[wpkg-users] [Bug 32] Server(s)/drive letter enhancement

bugzilla-daemon at wpkg.org bugzilla-daemon at wpkg.org
Sun Sep 3 07:10:51 CEST 2006

Please reply using this URL only: http://bugs.wpkg.org/show_bug.cgi?id=32

------- Additional Comments From djf at assetsw.com  2006-09-03 07:10 -------
(In reply to comment #5)
> (In reply to comment #4)
> > - Workstation boots
> > - Workstation asks for DHCP info
> > - Workstation gets DHCP info
> > - Workstation asks Microsoft DNS for its logon server (proprietary)
> > - MS DNS reponds with the logon server assigned to the site the workstation's
> subnet belongs to (from AD sites and services)
> > - Workstation then uses that as the logon server
> I could make %LOGONSERVER% variable recognized only after a real user has logged
> on on a given machine (i.e., in a logon script).
> > This is just for clarity.  Windows workstations that are joined to a domain 
> > always know where their logon server is regardless of whether a user is logged
> > in or not. 
> If I remember correctly, %LOGONSERVER% is not recognized if one runs a command
> via a Task Scheduler, even when executed as a domain user (for example,
> DOMAIN\Administrator).
> Or, this was because I used Samba, which would be an equivalent to NT4 domain,
> which doesn't use DNS.

Correct.  The LOGONSERVER environment variable is assigned via the logon process only after a user logs into the workstation.  However, the workstation itself must know which DC it's using prior to any user attempting to log in to a domain.  For AD, the DC for the site a particular workstation is a member of provides all of the group and domain policies for that workstation.

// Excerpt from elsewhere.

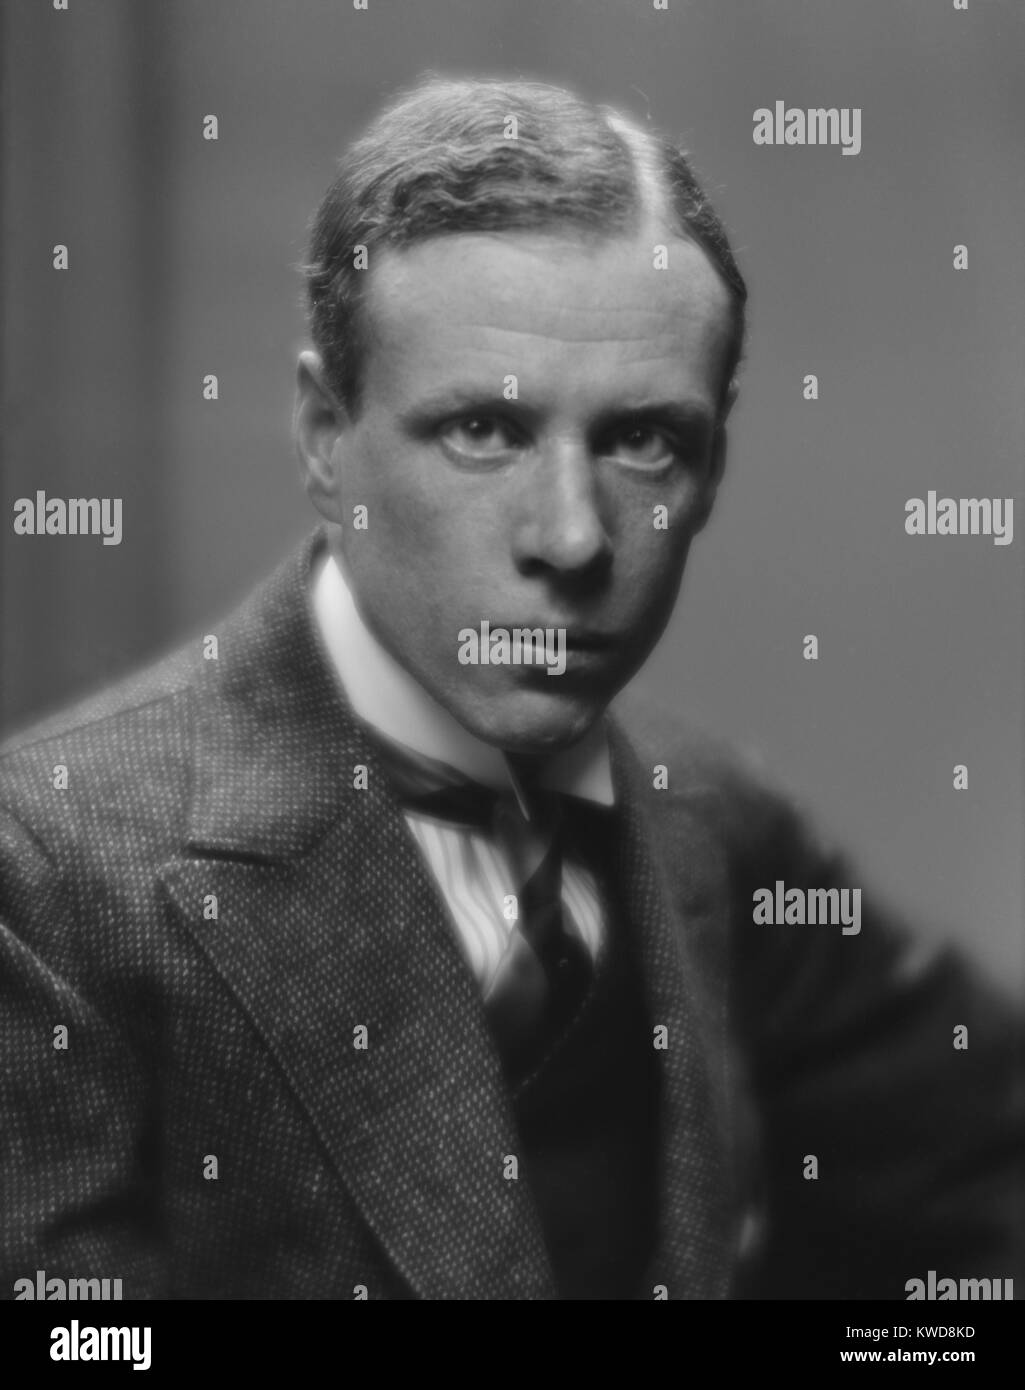 Lewis, Sinclair, whose realist novels of the 1920-30s were critical of American capitalism. Portrait by Arnold Genthe Arnold, Mar. 7, 1914. He was the first writer from the United States to receive the Nobel Prize in Literature in 1930 (BSLOC 2016 7 8) Stock Photo

You can use WMI to get the current domain controller the workstation is using for authentication and system services.  Lookup the Win32_NTDomain class on MSDN.  There are some scripting examples that show how to pull stuff from WMI if you're not familiar with doing so.

Remember, when you run a command via the task scheduler, if you don't provide a specific username, that task will run as the local SYSTEM account.  The SYSTEM account is localized to the box, and therefore won't provide the standard login services you'd get if you login interactively as a domain authenticated user.  Like I said above, if you are running a command as a user that's local to the box, you'll need to script against WMI in order to determine which domain controller the workstation is currently using.

Given that, however, this whole discussion is of little use for this particular feature enhancement.  The feature enhancement he's provided simply lets him have a standardized package.xml file that allows him to always run from the local O: drive, which is pretty important in order for WPKG to scale to larger than a couple sites, and specifically if the WAN links available are low bandwidth.  Seems like a pretty good change to me.

Oh, and on your Samba comment, none of this needs to be absolutely determined via the boot sequence I posted.  For Windows clients using a Samba domain, they simply use WINS to determine what the DC for the current workstation should be.